→ Assigned task: Transcribe, starting at the line with "Collectibles Men'S T-Shirt" and ending at the line with "Top 20 Interior Designers From Toronto toronto", every line of the material below exactly, but leave out the pictures and anything outside that span.

→ Data provided:
=-=-=

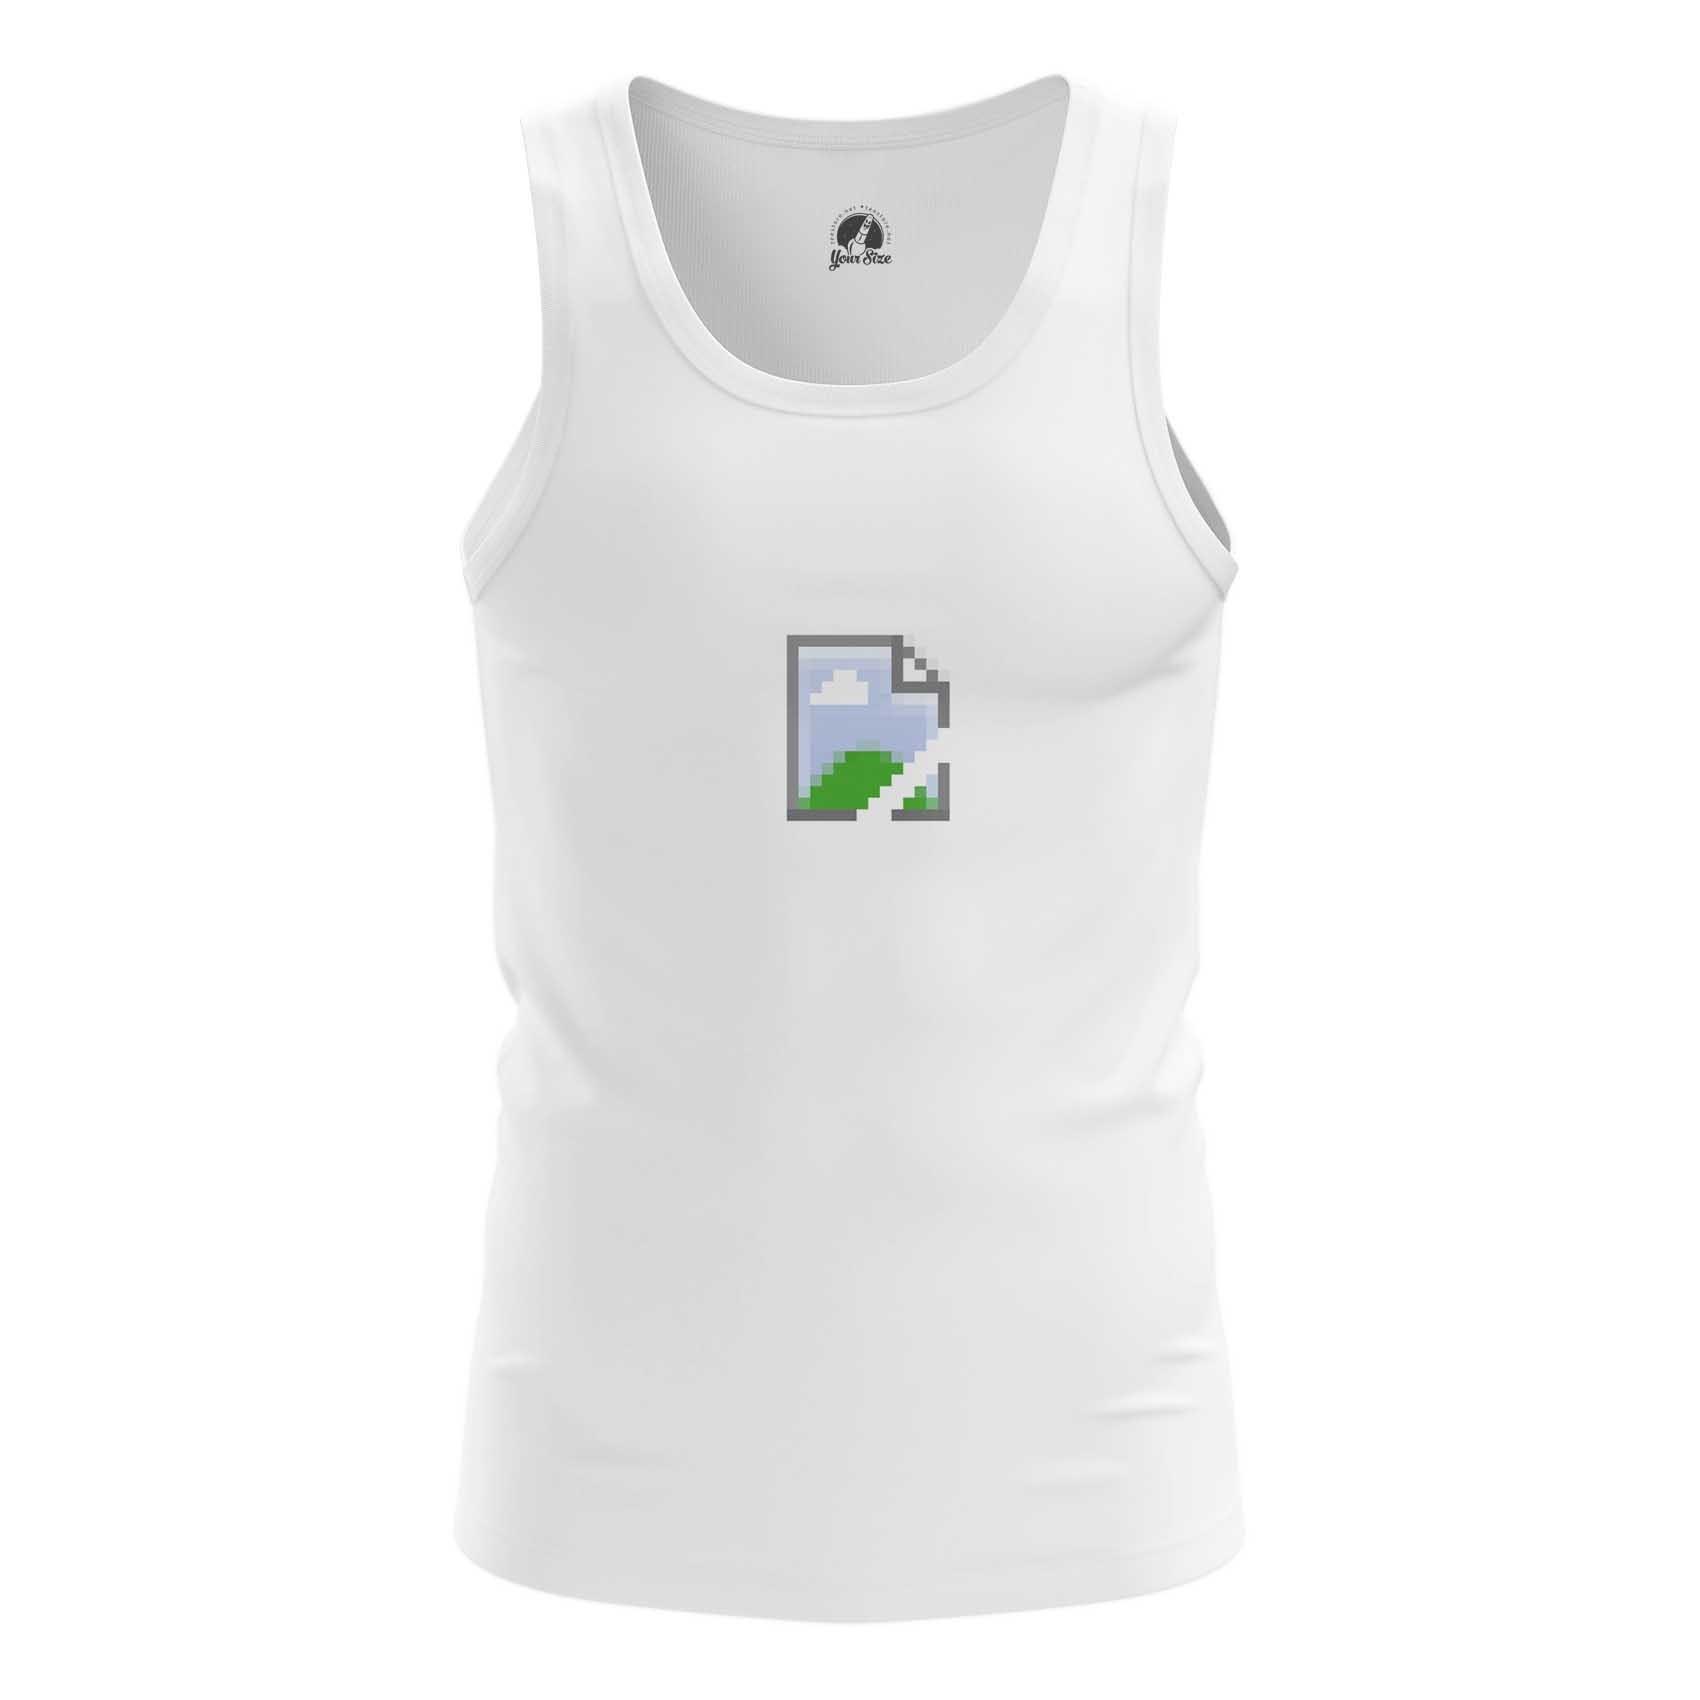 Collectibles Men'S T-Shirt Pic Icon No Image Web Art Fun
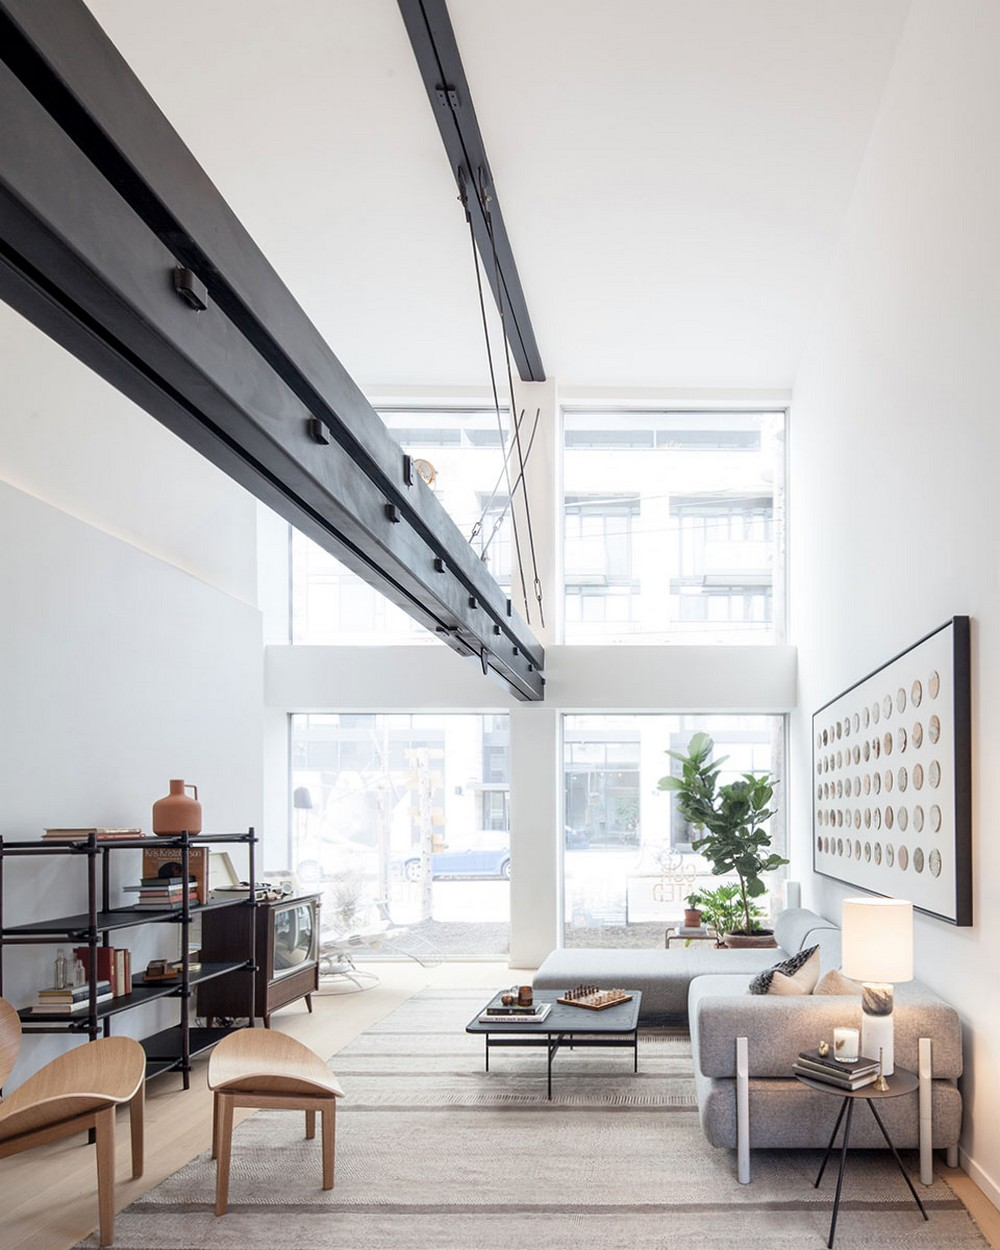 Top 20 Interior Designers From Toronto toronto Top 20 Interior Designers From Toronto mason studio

=-=-=

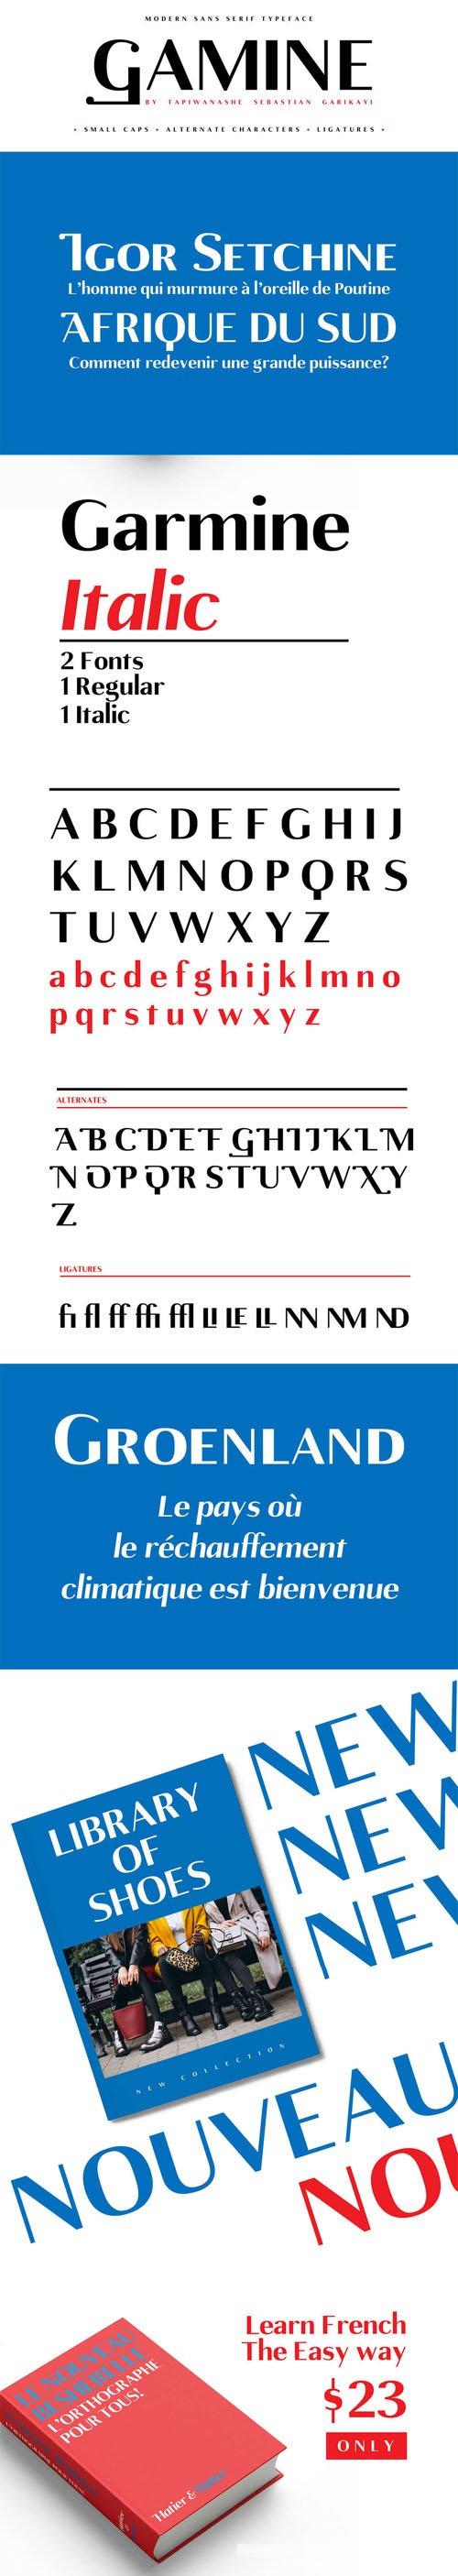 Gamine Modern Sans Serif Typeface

=-=-=

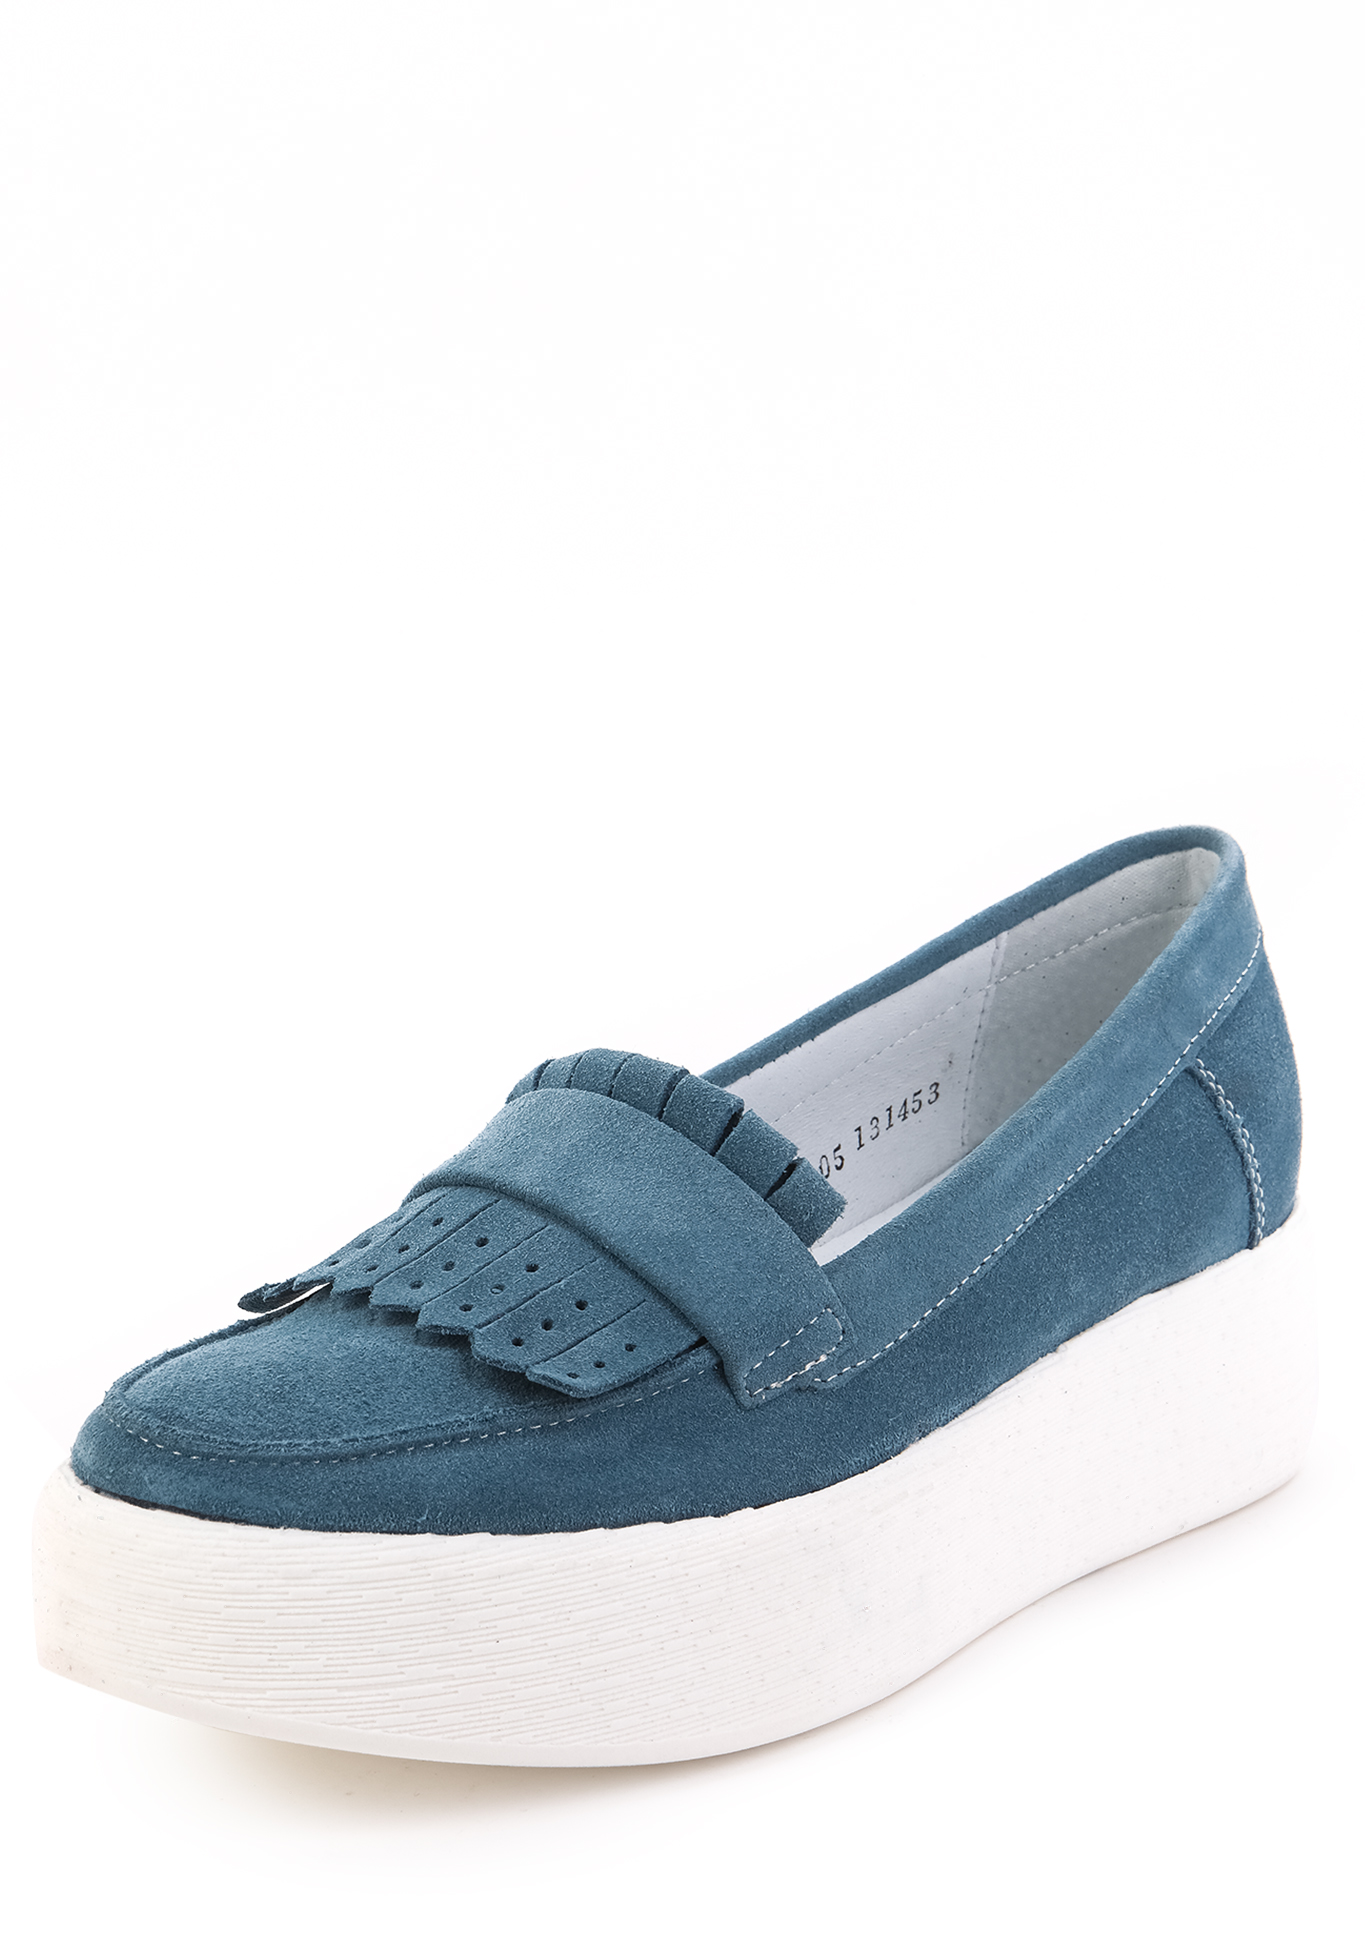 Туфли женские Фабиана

=-=-=

→ Final answer:
 Collectibles Men'S T-Shirt Pic Icon No Image Web Art Fun
 Top 20 Interior Designers From Toronto toronto Top 20 Interior Designers From Toronto mason studio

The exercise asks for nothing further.